After his participation in Beijing 2008, where he contested the 4x100 freestyle final for Great Britain, Hockin chose to renaturalise as a Paraguayan athlete – a decision that resulted in a year of suspension from all competitive games.
“That period was quite sad but it motivated me to continue training hard,” he said, “and luckily I was ready for the Shanghai World Tournament [in July 2011] where I made the semi-final in the 50m butterfly for the first time in my career.”
Though the podium eluded him in London, the swimmer said he is “very proud to represent Paraguay” and that carrying the flag “meant a lot to me”.

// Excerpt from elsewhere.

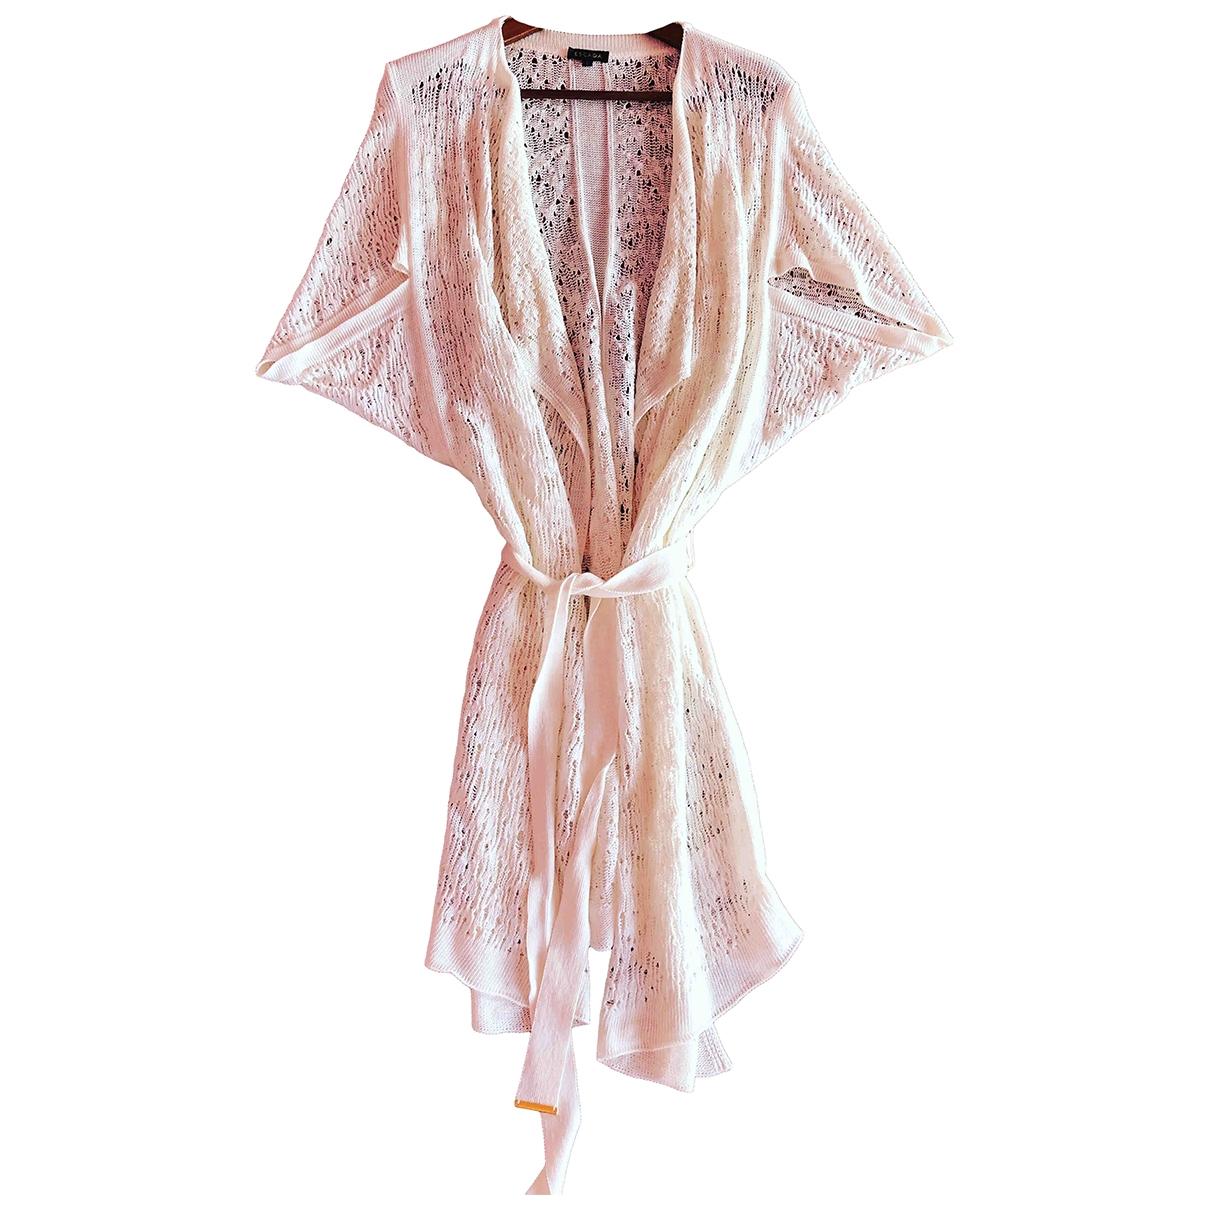 Escada \N Kleid in  Weiss Polyester

But if there is one naturalised athlete who shone brighter than all others in London 2012, it has to be Mo Farah. The runner – who was born in Somalia and has family in Somaliland – won Britain’s first-ever gold medal in the 10,000 metres, then took gold in the 5,000 metres just days later. His historic achievement is not only an achievement for his struggling homeland, but has been championed throughout the UK as the ‘best of British’ – surely a triumph for integration in his adopted home.